Tereza carregou fardo penoso, poucos machos aguentariam com o peso; ela aguentou e foi em frente, ninguém a viu se queixar, pedindo piedade; se houve quem – rara vez – a ajudasse, assim agiu por dever de amizade, jamais por frouxidão da moça atrevida; onde estivesse afugentava a tristeza. Da desgraça fez pouco caso, meu irmão, para Tereza só a alegria tinha valor.

Quer saber se Tereza era de ferro, de aço blindado o coração? Pela cor formosa da pele, era de cobre, não de ferro; o coração de manteiga, melhor dizendo, de mel; o doutor, dono da usina – e quem melhor a conheceu? – dois nomes lhe oferecera, por nenhum outro a solicitando; Tereza Mel de Engenho e Tereza Favo de Mel., Foi toda a herança que lhe deixou.

Na vida de Tereza a desgraça floresceu cedo, seu mano, e eu queria saber quantas valentes resistiriam ao que ela passou e sobreviveu em casa do capitão.

Que capitão? Pois o capitão Justo, ou seja o finado Justiniano Duarte da Rosa. Capitão de que arma? As armas dele eram a taça de couro cru, o punha, a pistola alemã, a chicana, a ruindade; patente de rico, de dono de terra; não tão rico nem de tanta terra que desse para dragonas de coronel, embora bastante para não permanecer reles paisano, para por divisas no nome.

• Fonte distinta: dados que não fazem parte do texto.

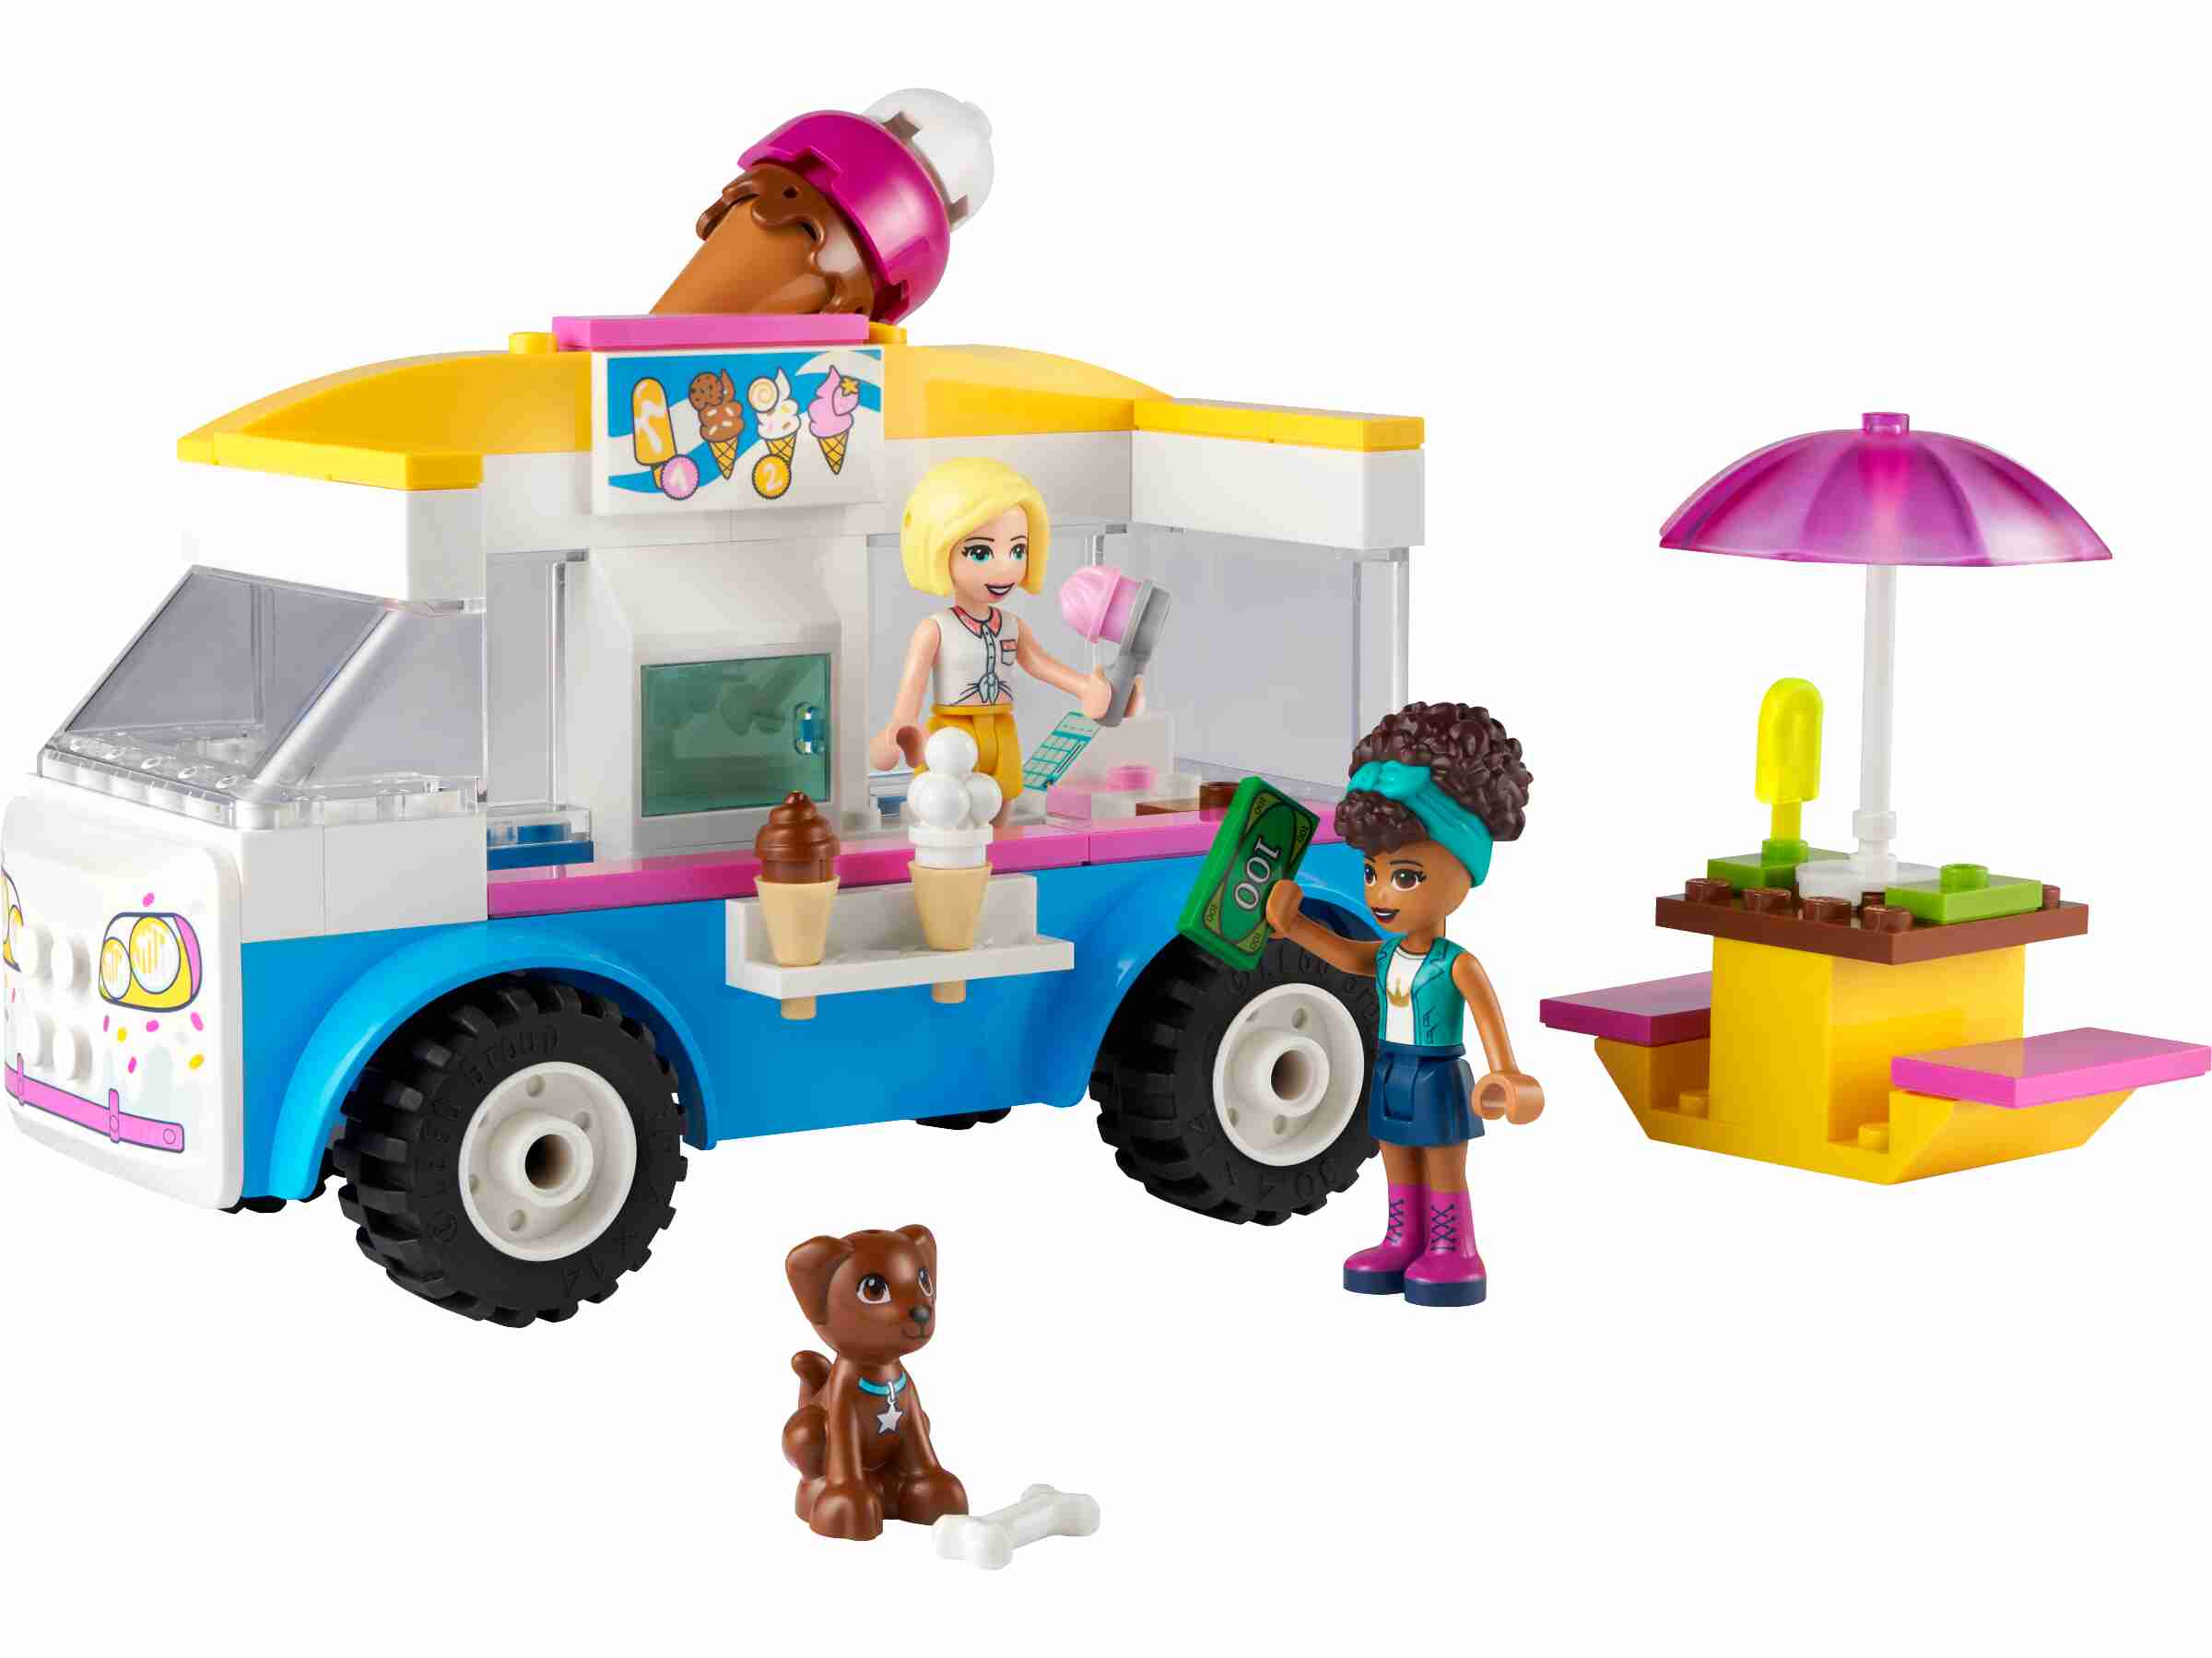 LEGO Friends 41733 La boutique mobile de Bubble Tea, Jouet Filles et Garçons  6 Ans, Jeu Créatif, avec Véhicules, et Personnages Nova & Mathilde pas cher

Terras de coronel – léguas e léguas de campo, de verde canavial – possuía Emiliano, o mais velho dos Guedes, o dono da usina; no entanto doutor formado, com anel e canudo, se bem não exercesse, não queria outro título. São os tempos modernos, cunhado, mas não se apoquente: mudam os títulos – coronel é doutor, capataz é gerente, fazenda é empresa – o resto não muda, riqueza é riqueza, pobreza é pobreza, com fartum de desgraça.

Posso lhe afiançar, irmãozinho: para começo de vida o de Tereza Batista foi começo e tanto; as penas que em menina penou bem poucos no inferno penaram; órfã de pai e mãe, sozinha no mundo – sozinha contra Deus e o Diabo, dela nem mesmo Deus teve lástima. Pois a danada da menina assim sozinha atravessou o pior mau pedaço, o mais ruim dos ruins e saiu sã e salva do outro lado, um riso na boca. Um riso na boca em verdade não sei, digo de ouvir dizer. Se o prezado quiser devassar os particulares do caso, dos começos de Tereza Batista, embarque no trem da Leste Brasileira para as bandas do sertão, por lá sucedeu, quem assistiu que lhe conte com todos os ipicilones.